* _EXERCISE AIM_
In the data below, how many lines contain the string "that"? Give only the figure.

* _RECORD SET_
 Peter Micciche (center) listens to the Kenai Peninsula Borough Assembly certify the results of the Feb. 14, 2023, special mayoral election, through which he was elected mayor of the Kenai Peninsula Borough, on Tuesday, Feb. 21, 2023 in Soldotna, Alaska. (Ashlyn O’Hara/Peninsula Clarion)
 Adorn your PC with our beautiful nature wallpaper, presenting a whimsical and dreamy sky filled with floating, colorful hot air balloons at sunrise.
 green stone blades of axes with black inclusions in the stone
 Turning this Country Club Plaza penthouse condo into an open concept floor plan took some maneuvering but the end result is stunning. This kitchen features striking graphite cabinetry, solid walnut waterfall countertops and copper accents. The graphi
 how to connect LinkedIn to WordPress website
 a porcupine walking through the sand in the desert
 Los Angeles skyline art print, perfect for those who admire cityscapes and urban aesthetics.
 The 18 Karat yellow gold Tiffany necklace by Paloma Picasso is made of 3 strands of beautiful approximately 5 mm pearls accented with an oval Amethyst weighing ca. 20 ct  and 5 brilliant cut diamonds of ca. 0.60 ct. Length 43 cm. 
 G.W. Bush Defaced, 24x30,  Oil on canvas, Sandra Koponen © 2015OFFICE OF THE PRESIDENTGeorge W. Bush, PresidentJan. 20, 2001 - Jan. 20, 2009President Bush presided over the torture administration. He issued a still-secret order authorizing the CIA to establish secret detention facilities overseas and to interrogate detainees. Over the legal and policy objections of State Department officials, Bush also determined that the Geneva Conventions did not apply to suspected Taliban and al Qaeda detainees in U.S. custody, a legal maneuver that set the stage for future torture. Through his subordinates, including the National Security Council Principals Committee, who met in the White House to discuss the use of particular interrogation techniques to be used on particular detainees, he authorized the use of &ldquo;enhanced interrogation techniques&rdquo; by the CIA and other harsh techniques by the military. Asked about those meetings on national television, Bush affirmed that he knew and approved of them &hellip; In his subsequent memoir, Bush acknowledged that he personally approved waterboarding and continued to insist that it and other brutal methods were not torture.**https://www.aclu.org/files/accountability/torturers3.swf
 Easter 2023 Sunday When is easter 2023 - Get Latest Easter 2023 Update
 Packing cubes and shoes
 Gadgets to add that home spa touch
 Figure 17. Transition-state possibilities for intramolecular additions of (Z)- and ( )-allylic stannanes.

* _WRITTEN SOLUTION_
2